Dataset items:
════

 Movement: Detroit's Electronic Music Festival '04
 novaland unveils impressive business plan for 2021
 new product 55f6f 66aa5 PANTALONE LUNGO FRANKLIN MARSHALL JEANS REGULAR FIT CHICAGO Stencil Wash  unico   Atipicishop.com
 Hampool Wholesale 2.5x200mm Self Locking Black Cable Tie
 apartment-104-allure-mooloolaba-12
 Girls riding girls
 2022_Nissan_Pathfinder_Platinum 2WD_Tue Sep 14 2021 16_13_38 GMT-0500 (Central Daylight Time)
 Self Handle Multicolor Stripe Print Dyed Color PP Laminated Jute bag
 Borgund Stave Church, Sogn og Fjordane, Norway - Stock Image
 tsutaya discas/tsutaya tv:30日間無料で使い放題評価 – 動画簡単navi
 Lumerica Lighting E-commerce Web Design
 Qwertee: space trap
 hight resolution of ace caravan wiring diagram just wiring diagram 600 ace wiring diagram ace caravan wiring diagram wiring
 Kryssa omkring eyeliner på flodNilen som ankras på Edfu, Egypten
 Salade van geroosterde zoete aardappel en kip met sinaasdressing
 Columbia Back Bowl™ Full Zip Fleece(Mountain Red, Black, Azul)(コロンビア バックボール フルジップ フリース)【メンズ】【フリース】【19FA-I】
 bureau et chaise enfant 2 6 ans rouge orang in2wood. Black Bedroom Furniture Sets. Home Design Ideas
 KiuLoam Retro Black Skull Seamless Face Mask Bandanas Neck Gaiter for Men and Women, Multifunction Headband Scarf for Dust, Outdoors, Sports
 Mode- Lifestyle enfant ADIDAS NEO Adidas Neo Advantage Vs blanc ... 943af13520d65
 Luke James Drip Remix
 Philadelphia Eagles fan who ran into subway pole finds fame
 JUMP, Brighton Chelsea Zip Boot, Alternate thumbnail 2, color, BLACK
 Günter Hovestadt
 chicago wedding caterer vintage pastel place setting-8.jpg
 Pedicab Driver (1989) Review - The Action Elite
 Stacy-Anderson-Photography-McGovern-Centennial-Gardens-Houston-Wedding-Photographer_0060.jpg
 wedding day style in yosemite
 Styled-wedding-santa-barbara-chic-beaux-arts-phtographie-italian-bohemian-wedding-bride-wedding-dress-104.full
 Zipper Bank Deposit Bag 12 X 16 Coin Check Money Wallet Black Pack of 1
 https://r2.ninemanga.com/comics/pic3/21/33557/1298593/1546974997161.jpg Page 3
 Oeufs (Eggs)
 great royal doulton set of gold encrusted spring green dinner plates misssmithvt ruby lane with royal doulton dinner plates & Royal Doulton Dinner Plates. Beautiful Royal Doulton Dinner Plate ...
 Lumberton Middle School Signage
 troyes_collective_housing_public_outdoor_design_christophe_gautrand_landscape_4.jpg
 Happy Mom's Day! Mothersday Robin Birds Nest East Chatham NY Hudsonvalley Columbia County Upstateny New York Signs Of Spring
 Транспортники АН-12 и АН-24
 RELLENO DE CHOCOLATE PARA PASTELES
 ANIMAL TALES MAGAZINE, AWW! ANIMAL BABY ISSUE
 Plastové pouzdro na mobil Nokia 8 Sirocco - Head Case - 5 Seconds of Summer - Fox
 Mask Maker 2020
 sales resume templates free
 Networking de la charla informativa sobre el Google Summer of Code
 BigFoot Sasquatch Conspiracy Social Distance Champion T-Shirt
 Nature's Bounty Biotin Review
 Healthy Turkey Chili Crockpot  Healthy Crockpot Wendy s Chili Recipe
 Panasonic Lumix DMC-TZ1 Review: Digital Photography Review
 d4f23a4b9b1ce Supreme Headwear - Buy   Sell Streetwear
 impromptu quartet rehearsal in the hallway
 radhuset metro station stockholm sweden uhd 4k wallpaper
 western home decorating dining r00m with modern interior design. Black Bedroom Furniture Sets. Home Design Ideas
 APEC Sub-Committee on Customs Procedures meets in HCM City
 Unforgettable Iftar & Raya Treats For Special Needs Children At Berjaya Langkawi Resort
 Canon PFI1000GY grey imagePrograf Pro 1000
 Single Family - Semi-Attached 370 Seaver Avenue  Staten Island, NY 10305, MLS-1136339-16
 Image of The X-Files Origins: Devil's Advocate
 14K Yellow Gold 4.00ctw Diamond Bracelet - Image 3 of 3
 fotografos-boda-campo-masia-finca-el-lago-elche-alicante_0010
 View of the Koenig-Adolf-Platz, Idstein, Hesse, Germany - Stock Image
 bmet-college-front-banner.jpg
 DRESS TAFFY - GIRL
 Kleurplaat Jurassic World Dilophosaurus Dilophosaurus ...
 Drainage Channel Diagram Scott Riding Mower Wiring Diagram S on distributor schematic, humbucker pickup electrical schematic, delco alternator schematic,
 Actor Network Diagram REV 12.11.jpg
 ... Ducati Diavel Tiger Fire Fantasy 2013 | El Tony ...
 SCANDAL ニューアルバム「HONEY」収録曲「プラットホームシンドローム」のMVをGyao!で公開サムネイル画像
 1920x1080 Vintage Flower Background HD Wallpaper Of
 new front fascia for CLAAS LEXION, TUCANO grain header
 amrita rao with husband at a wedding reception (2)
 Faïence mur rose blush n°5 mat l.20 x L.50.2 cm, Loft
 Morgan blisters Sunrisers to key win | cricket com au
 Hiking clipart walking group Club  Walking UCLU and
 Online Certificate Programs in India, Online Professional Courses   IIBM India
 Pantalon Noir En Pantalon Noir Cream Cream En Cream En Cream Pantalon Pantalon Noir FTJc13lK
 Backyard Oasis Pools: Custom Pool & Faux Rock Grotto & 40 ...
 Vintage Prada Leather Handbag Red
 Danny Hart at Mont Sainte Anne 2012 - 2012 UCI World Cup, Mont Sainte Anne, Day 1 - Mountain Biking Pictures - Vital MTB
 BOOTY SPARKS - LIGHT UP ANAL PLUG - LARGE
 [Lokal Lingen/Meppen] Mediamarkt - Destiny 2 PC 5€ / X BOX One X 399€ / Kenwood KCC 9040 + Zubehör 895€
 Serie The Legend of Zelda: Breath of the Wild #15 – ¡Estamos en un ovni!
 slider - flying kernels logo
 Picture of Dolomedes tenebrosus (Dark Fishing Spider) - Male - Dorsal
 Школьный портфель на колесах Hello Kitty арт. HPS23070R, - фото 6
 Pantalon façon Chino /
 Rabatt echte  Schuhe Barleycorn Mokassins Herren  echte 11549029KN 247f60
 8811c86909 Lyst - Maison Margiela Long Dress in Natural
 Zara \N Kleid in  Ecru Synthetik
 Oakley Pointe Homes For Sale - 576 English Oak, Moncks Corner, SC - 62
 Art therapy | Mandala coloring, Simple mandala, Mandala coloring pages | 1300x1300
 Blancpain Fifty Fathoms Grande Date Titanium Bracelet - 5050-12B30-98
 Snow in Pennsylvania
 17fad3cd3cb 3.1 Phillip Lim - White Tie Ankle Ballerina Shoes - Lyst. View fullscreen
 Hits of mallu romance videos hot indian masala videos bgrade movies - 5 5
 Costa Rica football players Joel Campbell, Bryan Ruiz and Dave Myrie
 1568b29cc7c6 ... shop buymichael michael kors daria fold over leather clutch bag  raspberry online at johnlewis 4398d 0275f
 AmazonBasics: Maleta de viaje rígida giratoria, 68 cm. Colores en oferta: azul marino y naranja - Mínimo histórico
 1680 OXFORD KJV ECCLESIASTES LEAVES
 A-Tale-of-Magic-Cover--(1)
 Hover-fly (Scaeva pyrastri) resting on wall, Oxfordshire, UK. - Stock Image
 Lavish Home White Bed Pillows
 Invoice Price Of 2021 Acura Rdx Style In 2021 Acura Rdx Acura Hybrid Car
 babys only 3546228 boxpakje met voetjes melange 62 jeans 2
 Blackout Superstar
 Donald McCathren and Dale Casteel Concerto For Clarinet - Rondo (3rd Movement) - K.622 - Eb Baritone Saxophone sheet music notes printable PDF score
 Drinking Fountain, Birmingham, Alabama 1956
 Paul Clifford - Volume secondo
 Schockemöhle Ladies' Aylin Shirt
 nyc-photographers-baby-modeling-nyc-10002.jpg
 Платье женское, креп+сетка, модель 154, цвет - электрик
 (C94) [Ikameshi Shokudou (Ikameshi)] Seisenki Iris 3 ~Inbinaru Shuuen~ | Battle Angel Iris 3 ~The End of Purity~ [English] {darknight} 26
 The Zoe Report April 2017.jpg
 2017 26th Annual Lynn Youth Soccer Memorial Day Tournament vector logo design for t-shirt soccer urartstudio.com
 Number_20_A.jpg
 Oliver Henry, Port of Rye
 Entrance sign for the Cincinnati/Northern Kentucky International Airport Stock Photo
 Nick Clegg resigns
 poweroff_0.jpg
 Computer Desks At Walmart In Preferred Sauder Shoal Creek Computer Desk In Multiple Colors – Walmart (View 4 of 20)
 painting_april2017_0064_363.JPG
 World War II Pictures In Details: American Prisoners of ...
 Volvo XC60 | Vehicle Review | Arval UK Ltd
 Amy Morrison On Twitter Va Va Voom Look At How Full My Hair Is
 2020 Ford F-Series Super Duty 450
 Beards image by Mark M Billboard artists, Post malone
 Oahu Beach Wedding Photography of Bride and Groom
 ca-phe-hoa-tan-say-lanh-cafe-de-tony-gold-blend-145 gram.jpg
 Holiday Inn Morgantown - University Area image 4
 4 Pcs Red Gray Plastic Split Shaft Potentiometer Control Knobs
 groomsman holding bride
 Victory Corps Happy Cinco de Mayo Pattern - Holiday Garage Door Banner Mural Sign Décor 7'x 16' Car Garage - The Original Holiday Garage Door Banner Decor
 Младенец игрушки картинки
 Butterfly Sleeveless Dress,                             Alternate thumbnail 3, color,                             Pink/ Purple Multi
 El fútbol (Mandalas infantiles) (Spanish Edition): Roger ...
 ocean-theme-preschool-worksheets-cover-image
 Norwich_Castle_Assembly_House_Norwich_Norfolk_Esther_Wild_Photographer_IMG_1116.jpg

════

Retype only this portion of the data above: the line containing "Günter Hovestadt", the line containing "RELLENO DE CHOCOLATE PARA PASTELES", and all lines between them, exactly.

**WRITTEN SOLUTION:**
 Günter Hovestadt
 chicago wedding caterer vintage pastel place setting-8.jpg
 Pedicab Driver (1989) Review - The Action Elite
 Stacy-Anderson-Photography-McGovern-Centennial-Gardens-Houston-Wedding-Photographer_0060.jpg
 wedding day style in yosemite
 Styled-wedding-santa-barbara-chic-beaux-arts-phtographie-italian-bohemian-wedding-bride-wedding-dress-104.full
 Zipper Bank Deposit Bag 12 X 16 Coin Check Money Wallet Black Pack of 1
 https://r2.ninemanga.com/comics/pic3/21/33557/1298593/1546974997161.jpg Page 3
 Oeufs (Eggs)
 great royal doulton set of gold encrusted spring green dinner plates misssmithvt ruby lane with royal doulton dinner plates & Royal Doulton Dinner Plates. Beautiful Royal Doulton Dinner Plate ...
 Lumberton Middle School Signage
 troyes_collective_housing_public_outdoor_design_christophe_gautrand_landscape_4.jpg
 Happy Mom's Day! Mothersday Robin Birds Nest East Chatham NY Hudsonvalley Columbia County Upstateny New York Signs Of Spring
 Транспортники АН-12 и АН-24
 RELLENO DE CHOCOLATE PARA PASTELES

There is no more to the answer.